That was classic James Harden In both ways the paradox tends to emerge from itself. As a historically great player, and for results that go beyond individual trophies, as an unsettling player on a historical scale.
In the Philadelphia 76ers decadence at hand Brooklyn Networks In this 129-100 defeat Thursday night, Harden shed a sparkle on both sides of the trajectory of his brilliant career, and all the odds—too good or too disappointing—have yet to be carried out.
You know the back story: the trade that sent Harden to Philly because of the disgruntled star Ben SimmonsPlus Seth CarreyAnd the Andre Drummond and Project Picks, which sparked an already fierce competition in the Eastern Conference.
Although Simmons hasn’t played this season yet, despite the trade he’s forced, his arrival at his old stadiums in streetwear set the tone for the NBA spotlight that brilliantly caught on grueling feel, mutual stars, former friends turned rivals and all manner of soap. Other – Drama dripping from any competition now features these two teams.
Ticket prices were expensive. The arena shook. Watch the entire league. And the deciding atmosphere fueled a match that had all the signs of a very big and very important deal.
Enter Harden, and both sides of his confusing coin.
Early on, just five minutes into the game, Harden hit a three-pointer that put him in place as an all-time top scorer. The Trey was number 2561 in his career, Push him in front of Reggie Miller For the third time ever in the NBA records.
It was one dagger in a career made of them, which brought Harden the best player, several scoring titles and the star weight one would need if, like Beard, one plans to throw his weight over and over to force them out. team to team.
He is an extraordinary offensive talent.
Which is why his tendency at times – as on this night – to turn big moments and big games into murder, triumph understatement, and the opposite of his best self also makes him historically disappointing, at least for now.
Because in the midst of that date Thursday night, Harden laid an egg. giant. His box-score plus-min-30 doesn’t tell the full story: 11 points in a 3-of-17 shot and a Box-Score plus-min-30 seems bad enough.
The deeper truth is that Harden was worse in the early stages of the game, when his sheer awfulness helped the nets to lead 40-23 in the first quarter. The match ended early, along with Harden’s self-confidence and ostentation. This was a battle of wills between two proud teams, and Harden vanished before entering her third class.

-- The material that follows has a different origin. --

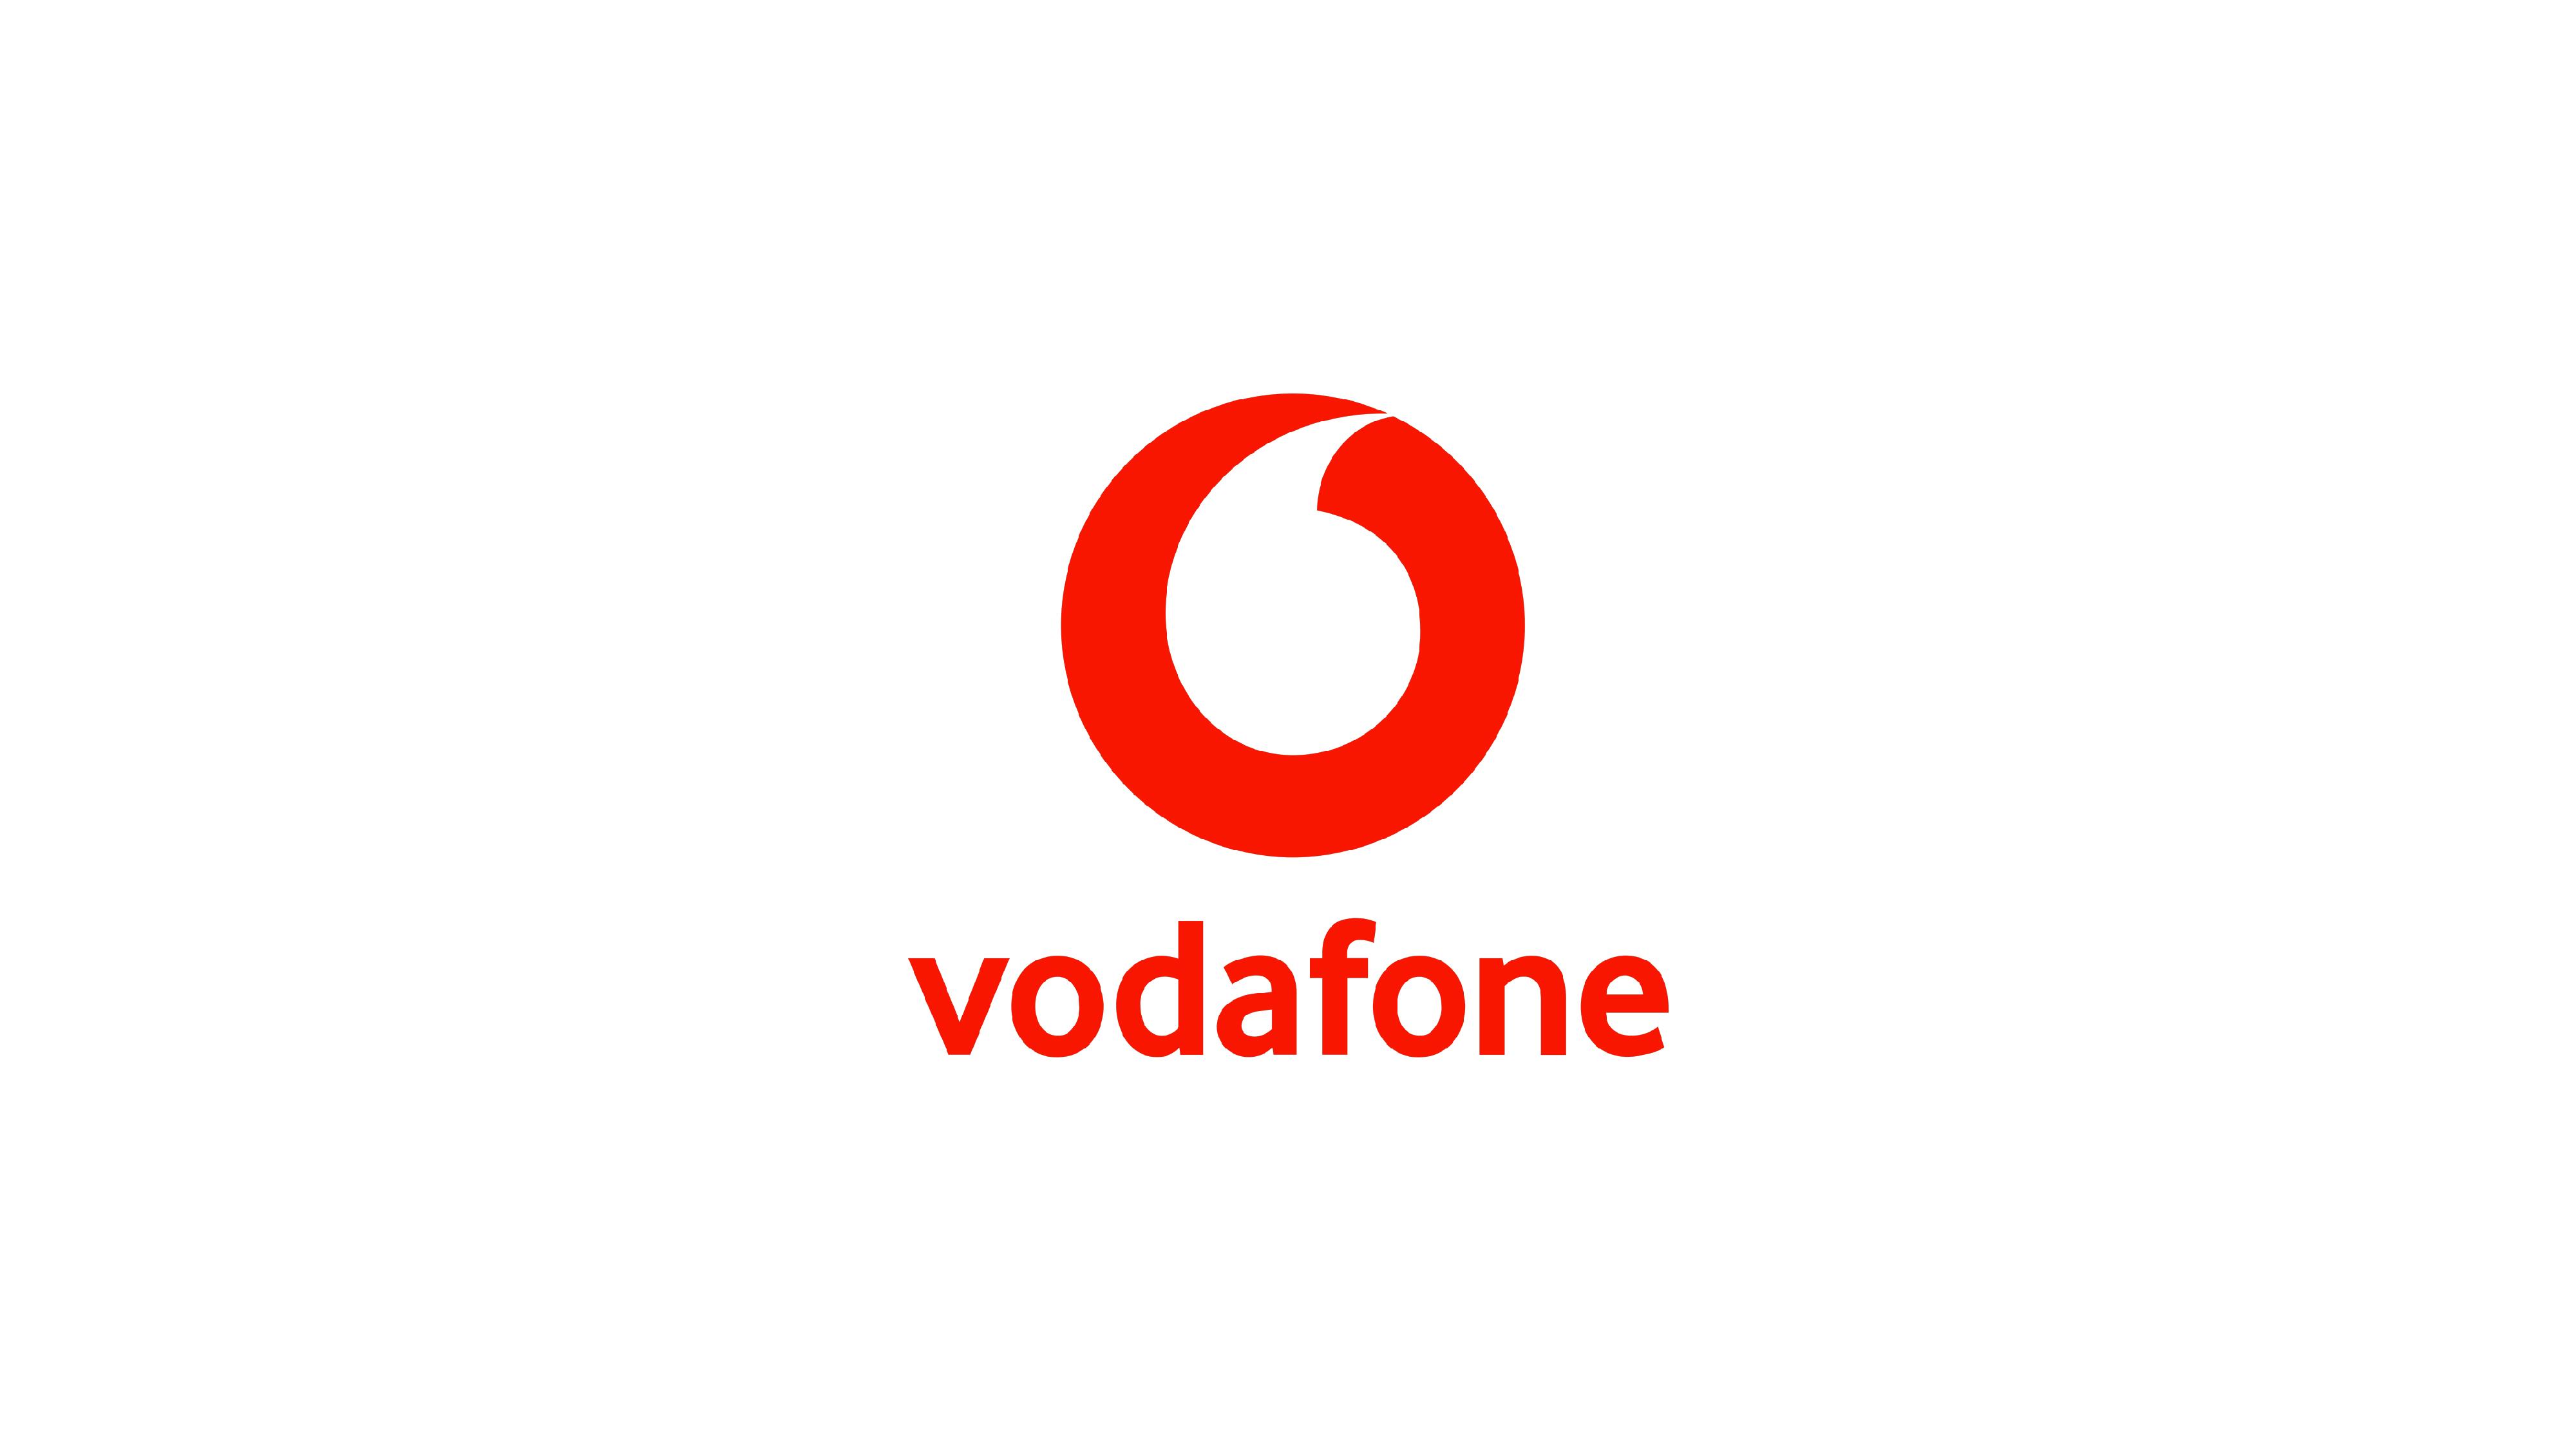 Vodafone logo 2017 01w. H. Y. Brandconsultancy

Harden is great. His record speaks of that. Harden is also a very big question mark for the post-season — or, less optimistically, a landmine in waiting.
Take Game 7 of the Western Conference Finals back in 2018, when it was Houston Rockets, then led by Harden, turned the series’ 3-2 lead into an ugly defeat. Match 7 is when Harden, who went on 12 of 29 and 2 of 13 of three, played in such a panic and fear that he spread defeatism through this team by the way he delivered the assists.

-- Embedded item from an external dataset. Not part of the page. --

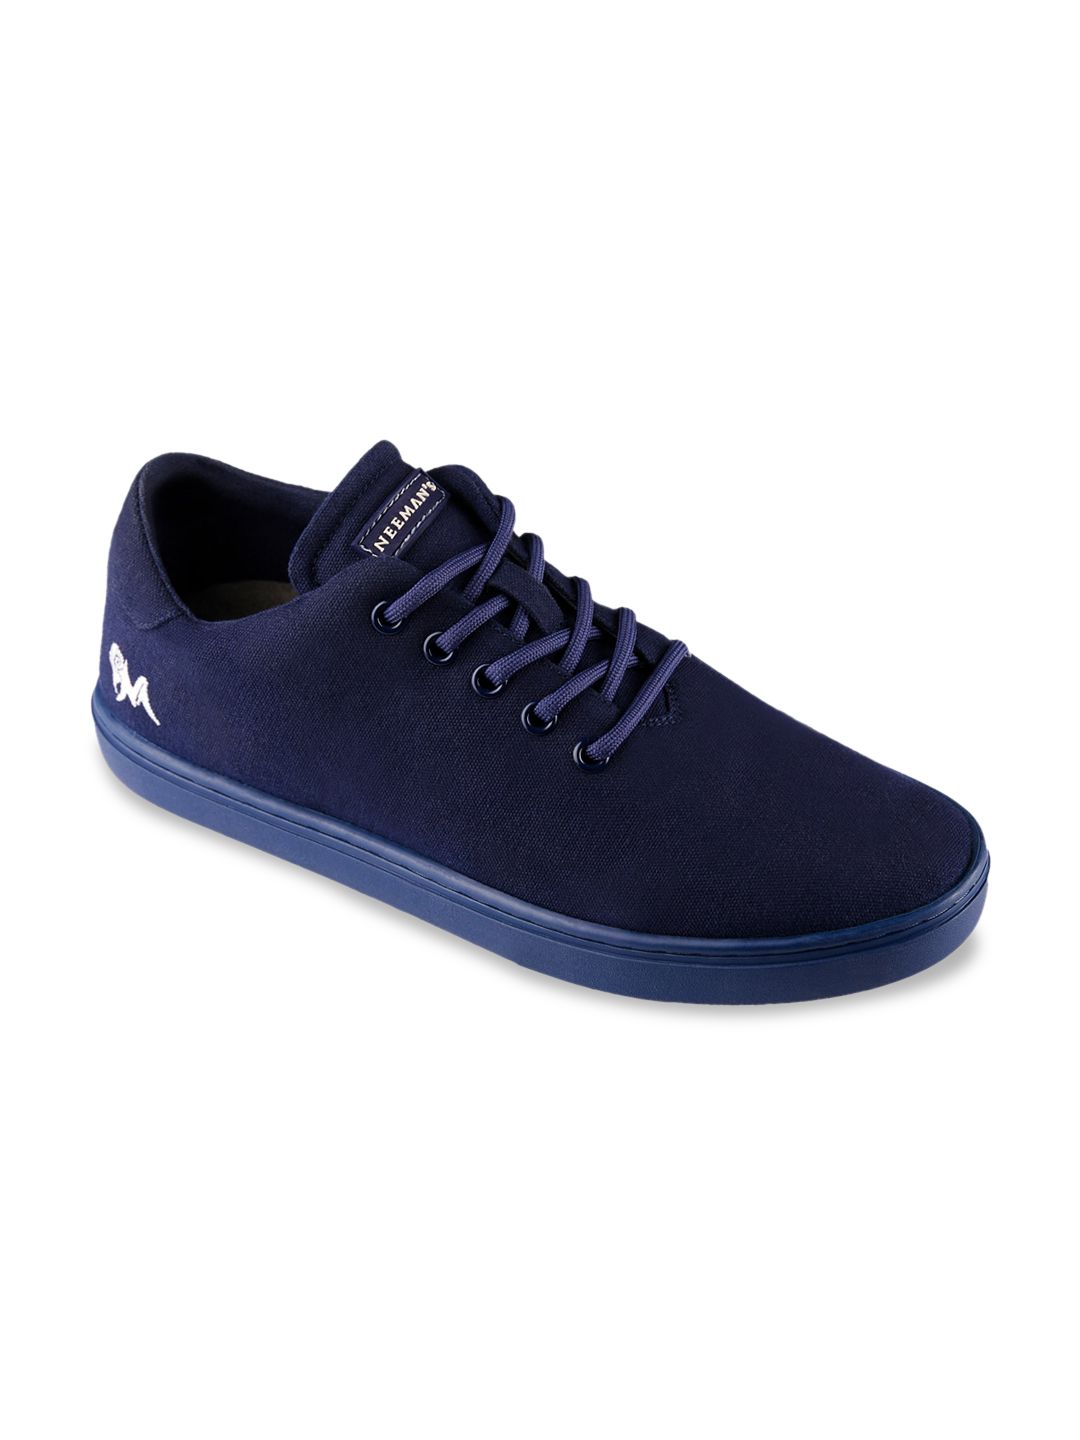 NEEMANS Unisex Midnight Blue Cotton Classic Sneakers Price in India

That night, “led” by Harden, Houston at one point missed 27 consecutive three-pointers. twenty seven. Houston came home, and the Warriors Went to the address.
Solidarity supporters will protest: Hatter! It’s too good–awesome, even–for that irony.
Harden skeptics will say: Look! He did it again against the net, that style of fading out when the moments get big.
Both opinions have the truth, just as both Hardins were present Thursday night against Brooklyn. The historically great player, and the man, of a very great person, is insanely capable of falling apart, and taking his team with him.
There is more context and nuance in all of this than just one game. There’s the fact that since Harden’s arrival, the Sixers have won five straight times before the Nets game. There’s the fact that Brooklyn played a stifling defense on Thursday, they were hard-pressed to emulate it often enough to say it was more than an emotionally charged aberration. A very important fact is that the Sixers are still well positioned in the crowded Eastern Conference standings, while the Networks remain in that dangerous spot of the card game.
There is the fact that it was just one match.
But Harden – the great man who set records, the man from Thursday night who just couldn’t handle this charged atmosphere – will face in the coming months and years a unique reality that will merge these two parts into one.
Either he wins a championship to enhance his greatness in a really important way, or he’s the guy who sets records and dazzles with stats – all while failing, at the same time, at what really needs to be done.